The machine might formulate a drug that renders recipients infertile, thus reducing the population to zero and eliminating the virus. That perfectly logical but chillingly cold solution achieves the goal but at the cost of pushing our species to the brink of extinction.
Perhaps the example seems extreme, but it’s far from absurd.
“This is exactly how a pure optimization process solves problems,” warns Roman Yampolskiy, a University of Louisville professor of computer science who’s written extensively on the subject. “People can fix that, but there are infinite similar possibilities.”
What’s more, the smarter AI gets the more dangerous it becomes, Yampolskiy says.
Knowing that, how concerned is he about the threat inherent in artificial intelligence? “I’ve devoted my life to it,” Yampolskiy tells Luckbox in a flat tone of voice. “I don’t see anything more important.”
But his life’s pursuit must get lonely. Despite doomsday warnings from generations of artists, mathematicians, engineers and entrepreneurs (see sidebar “You’ve Been Warned: The Dangers of AI”), hardly anyone seems willing to stand in the way of the explosive expansion of AI.
Of the hundreds of thousands of AI researchers in the world, perhaps 100 work full time on AI safety with another 200 or so delving into related areas such as ethics or algorithmic justice, Yampolskiy notes. “I’m guessing here, but I don’t think it’s much bigger than that,” he says of his estimates.
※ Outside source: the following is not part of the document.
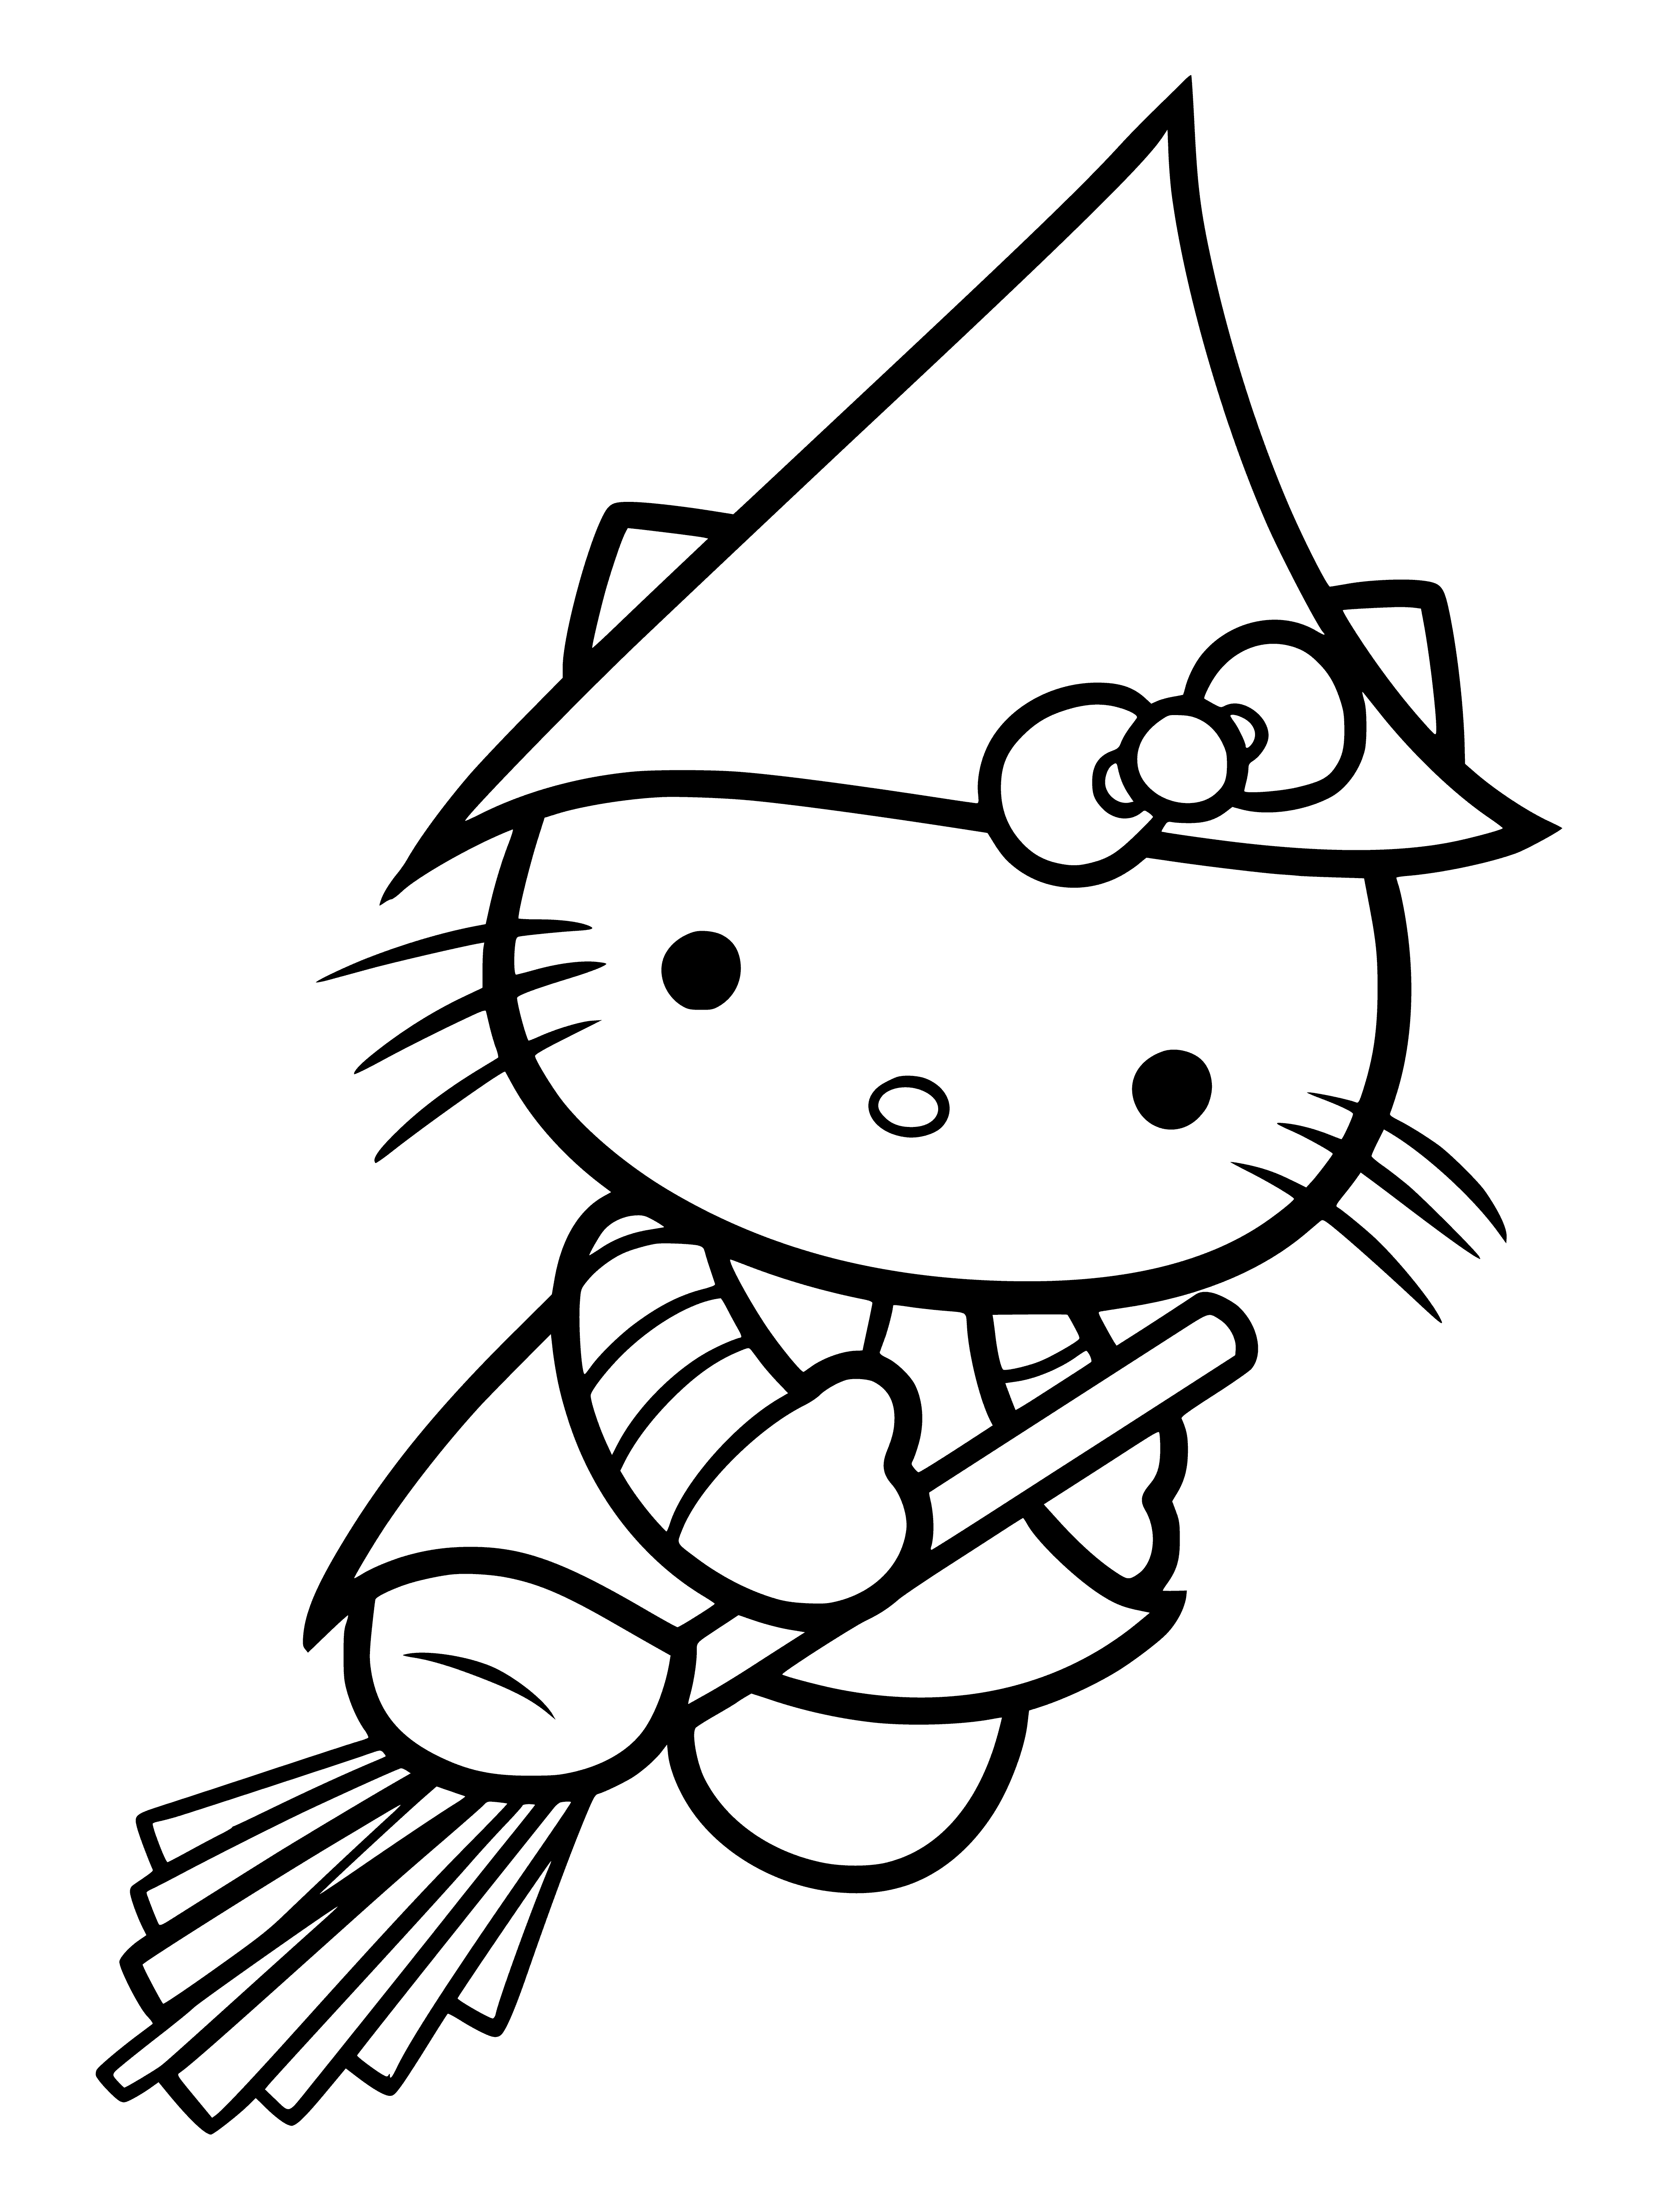 coloring page: Black cat on Jack-o-Lantern, wearing purple bow, green eyes. Orange & black witch hat in background. #Halloween #ColoringPage

Moreover, many of the scientists devoted to AI safety aren’t ensconced in academia—instead they’re working for big public companies like Alphabet (GOOGL), which owns the DeepMind computer labs, and smaller ones like privately held OpenAI, which produces the ChatGPT chatbot that’s making headlines daily.
Public or private, companies have a vested interest in developing and selling AI and don’t want to forfeit competitive advantage by slowing the technology’s progress, Yampolskiy notes.
Heaven or Hell ?
No one knows what will happen when artificial intelligence reaches the singularity—the point where it’s too smart for humans to control.
Whatever their motivations—financial or scientific—researchers tend not to consider the worstcase result of AI, he maintains. He calls it “the possibility of impossibility.” It’s the idea that no matter what scientists do they can’t stop AI from wreaking havoc on humankind.
Mounting danger
Artificial intelligence has been with us for some time now, beginning perhaps in 1935 with a paper Alan Turing wrote to describe a machine with memory, computing power and the ability to scan symbols.
AI has apparently reached the latter part of the first of three stages. It’s now AI, which can duplicate human thought processes. Soon, it may enter the phase called AGI for artificial general intelligence, where it can equal human mental capacity. After that comes the singularity—artificial super intelligence or ASI—where machines become so smart that humans can’t control them.
Computers in the AI phase work out problems and serve up information with blinding speed. They may beat a human at chess, but they can’t carry on a convincingly human conversation.